The clinical experts needed actionable information from the safety database. Rapid identification of AEs occurring in patients or patient pools is important, and discrimination of whether the AE was anticipated or not, and serious or not, is critical. For example, the experts needed to understand whether an AE was caused by the study drug, by the disease (or background diseases), or by other prescribed medications. To make that decision, they needed to see all of the available information, such as incidence of the AE across all patients. They also wanted to see which AEs were in progress at a certain time point, and how they changed over time. These insights are extremely useful and can even prevent life-threatening events if timely and close follow-up is needed.


Agios developed a workflow to process the SAE forms, and use the IQVIA NLP platform to extract all relevant patient data (see Figure 1). These queries use the natural language processing (NLP) capabilities of the platform to understand the meaning of the free text in the forms. The platform identifies negations, synonyms for diseases and medications that appear in the medical history section, dates in different formats, and measurement units such as drug doses.

Any AE mentions (from both structured and unstructured sections) were extracted and normalized to MedDRA terms. Study drug, concomitant medications, date of onset, lab test results and other key patient attributes were also extracted from the SAE forms using the NLP platform. This allowed correlations between the events and other variables to be identified, and provided a longitudinal dataset to allow tracking of the progression or remission of events.

The resulting structured data were loaded into the Agios clinical safety database, providing rapid reporting to both research teams and clinical safety teams. The workflow enabled the queries to run [automatically as new forms arrived, using the NLP platform to efficiently extract relevant information much quicker than via manual methods, providing alerts and Excel reports to the clinical teams.


Agios was happy with the fast turnaround time of the forms and rapid access to the data via the NLP platform. A five-page SAE form could run through the OCR, indexing and querying workflow, and provide results to the clinical team within an hour, rather than the tedious manual processing that could take a day.

The Linguamatics NLP platform is well suited to extract free text from complex, unstructured documents, and process these data to create a rich database record that is immediately available for further analysis.

The tabular output can be easily loaded into many other software tools (e.g. Python Data Science, or visualization packages such as Matlab and Cytoscape), making the NLP platform ideal for integration in automatic workflows and pipelines.

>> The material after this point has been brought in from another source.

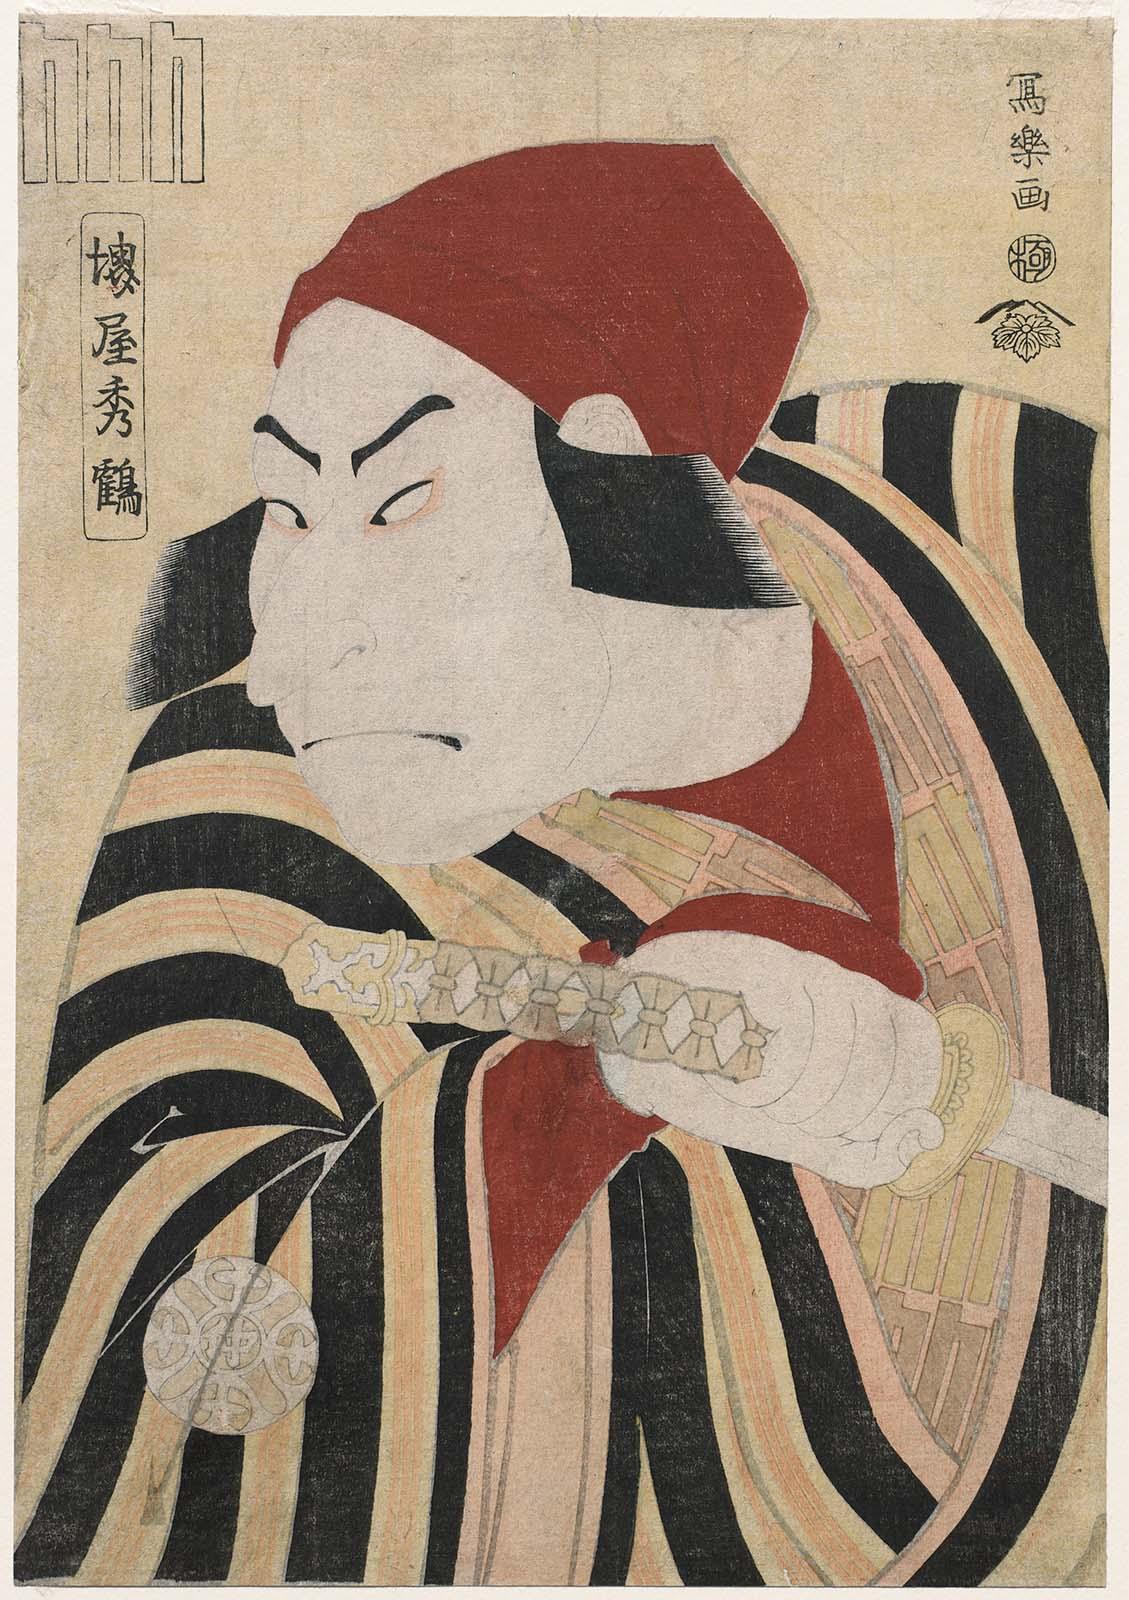 artwork by Sharaku (1794)

One example of identification of actionable events in the AG-120 clinical trial relates to differentiation syndrome (DS). DS is a complication of first-line chemotherapy in some acute promyelocytic leukemia (APL) patients, which can be fatal if not recognized on time and treated aggressively. During an AG-120 clinical trial, three patients were diagnosed with DS based on a subset of symptoms. Using the text mining workflow developed, Agios was able to highlight and cluster MedDRA terms associated with DS across the patient pool (Figure 2). Using a variety of statistical methods, such as hierarchical clustering and network analysis, it was able to characterize which AEs are most likely to indicate patients with DS; which events appear in only some cases; and which subsets of patients might be more at risk from DS than others. This enabled the clinical team to effectively monitor the patient cohort and prevent potentially fatal AEs.

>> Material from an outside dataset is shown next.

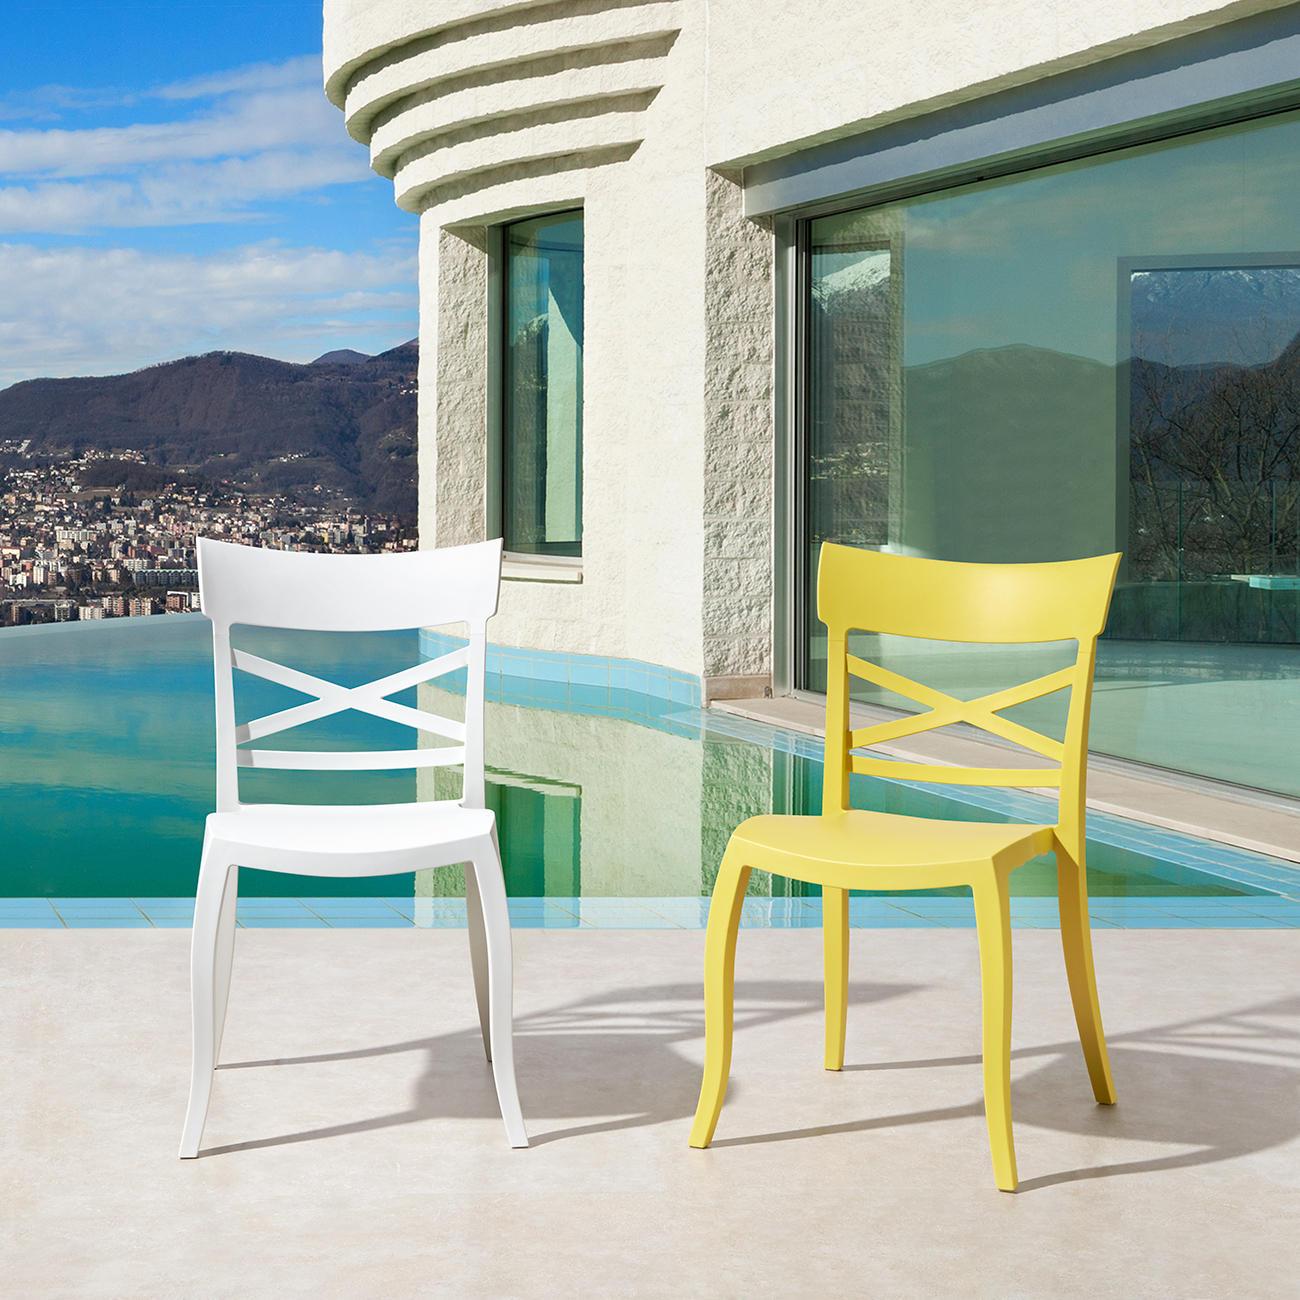 Acheter Chaise design intérieur extérieur en ligne pas cher

The clinical safety team was not familiar with this type of network analysis before, but found the insights it provided highly valuable, and decided to implement this analysis in other projects.


Agios was interested in questions such as: “Given an AE during a clinical trial, is this associated with the study drug that the patient is taking, related to the disease the patient has, or to other diseases/drugs from the patient’s history?” Obviously, there are different implications for each of these options, and with the Linguamatics NLP platform Agios was able to reach the right answers rapidly, ensuring better patient safety.